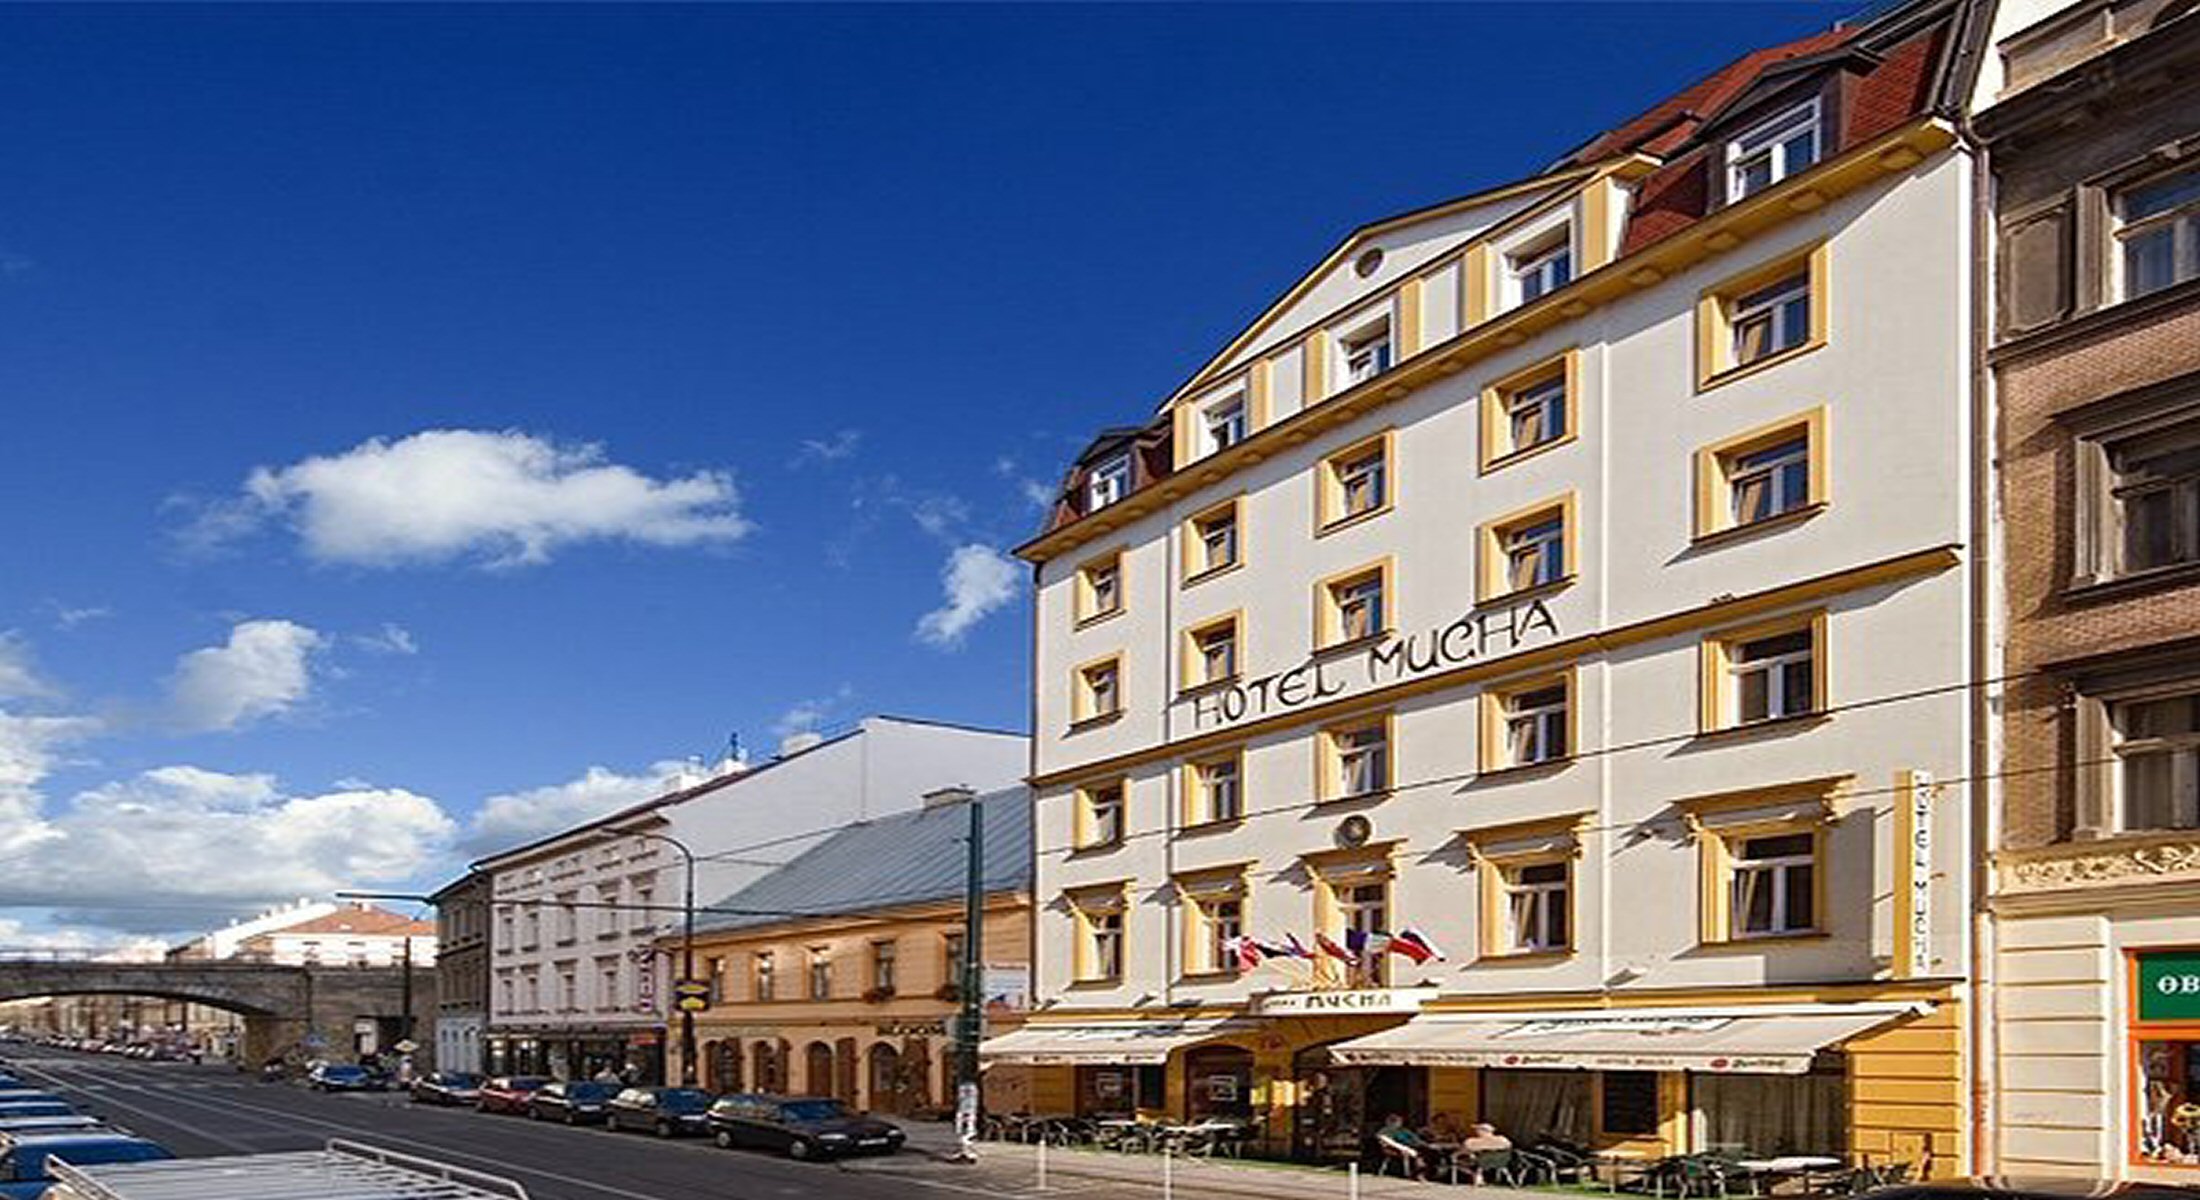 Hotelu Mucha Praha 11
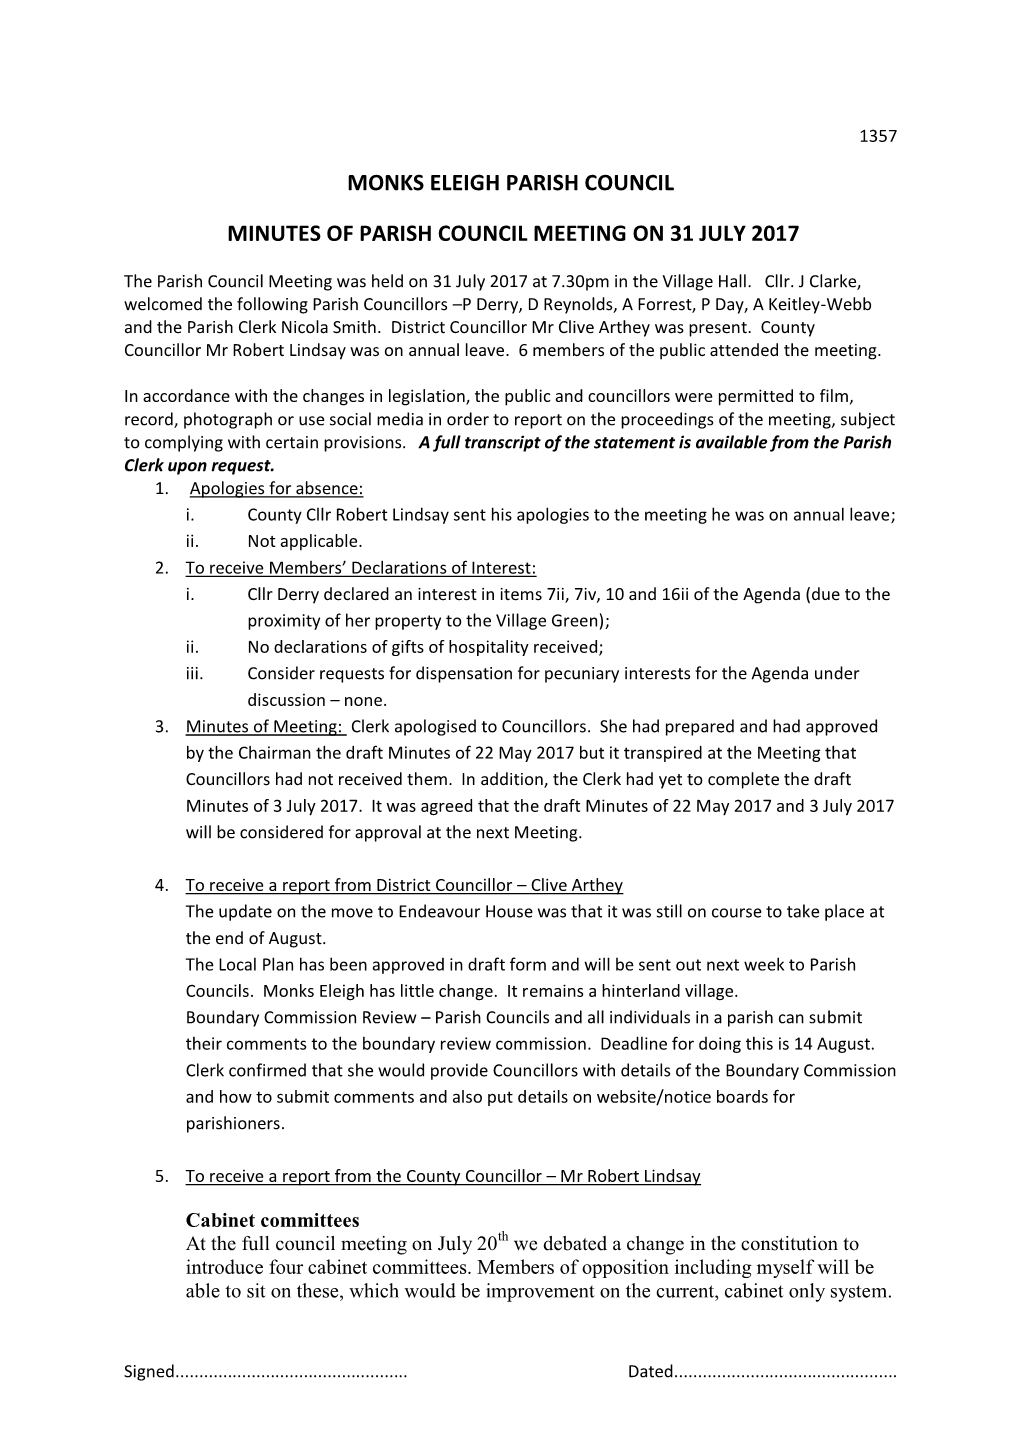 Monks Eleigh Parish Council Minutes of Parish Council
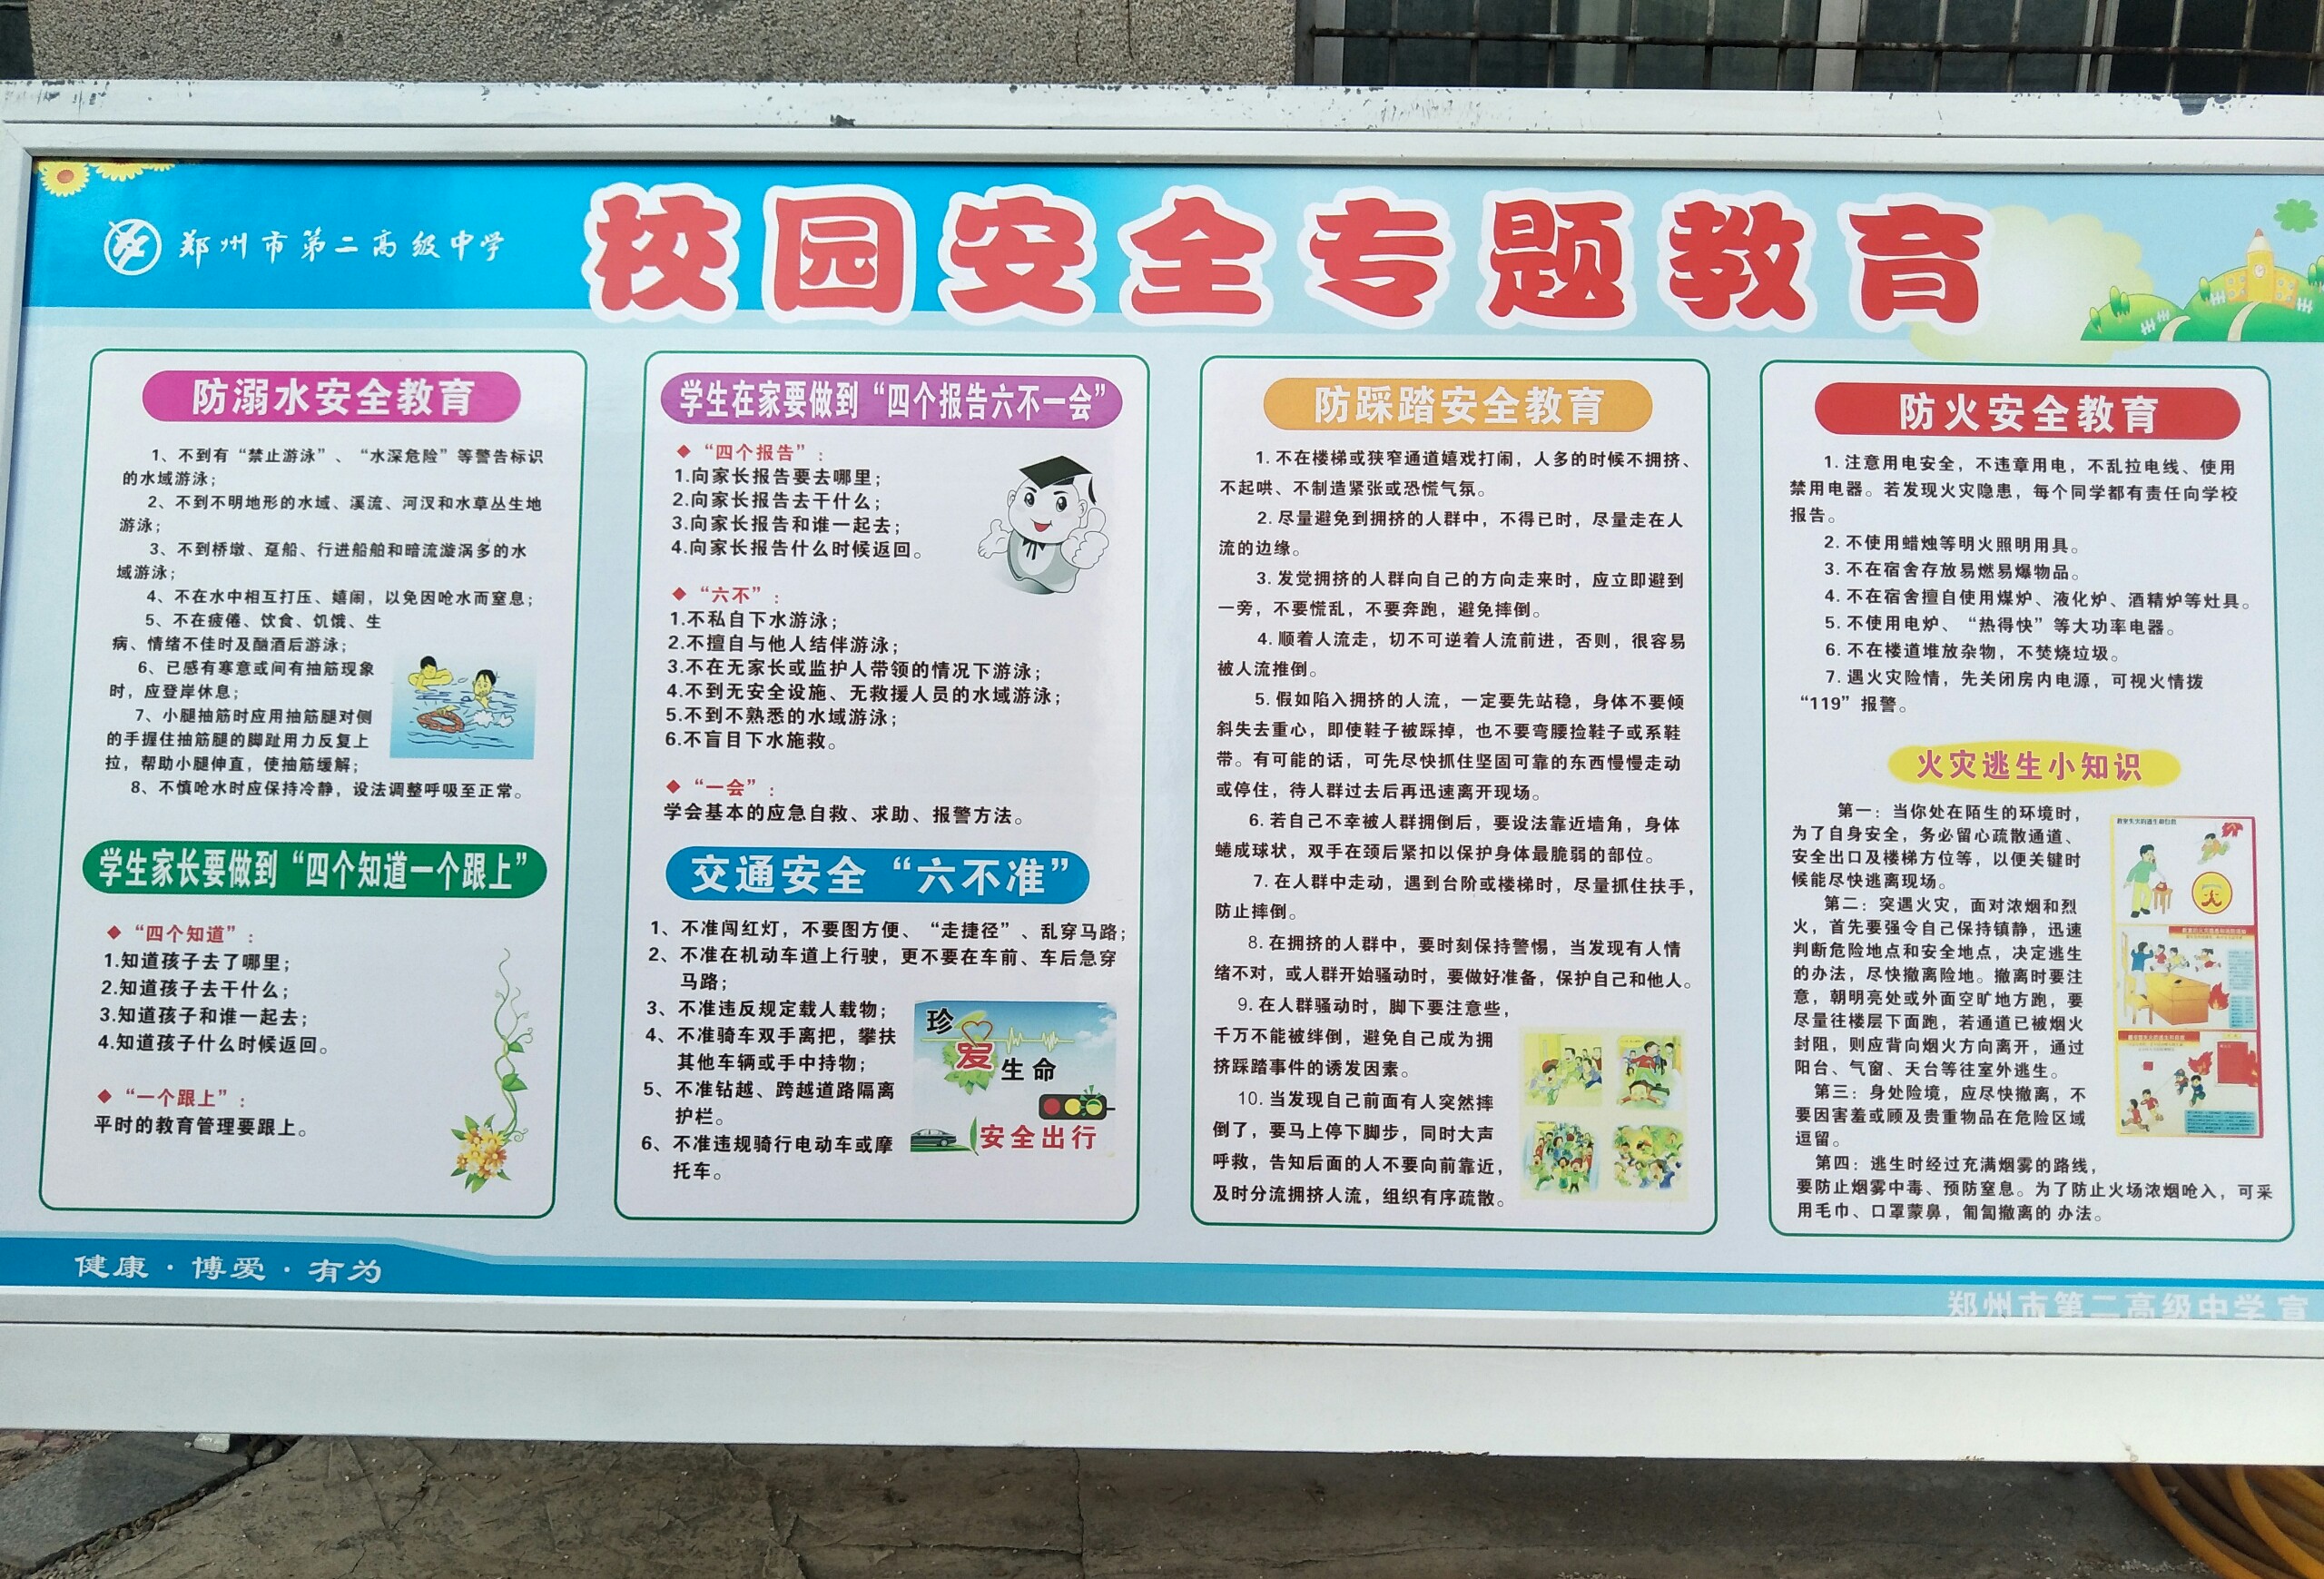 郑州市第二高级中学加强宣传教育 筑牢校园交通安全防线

## [Problem]
Return all of the material above unchanged, minus its pictures.

## [Expected output]
 Hotelu Mucha Praha 11
 Monks Eleigh Parish Council Minutes of Parish Council
 郑州市第二高级中学加强宣传教育 筑牢校园交通安全防线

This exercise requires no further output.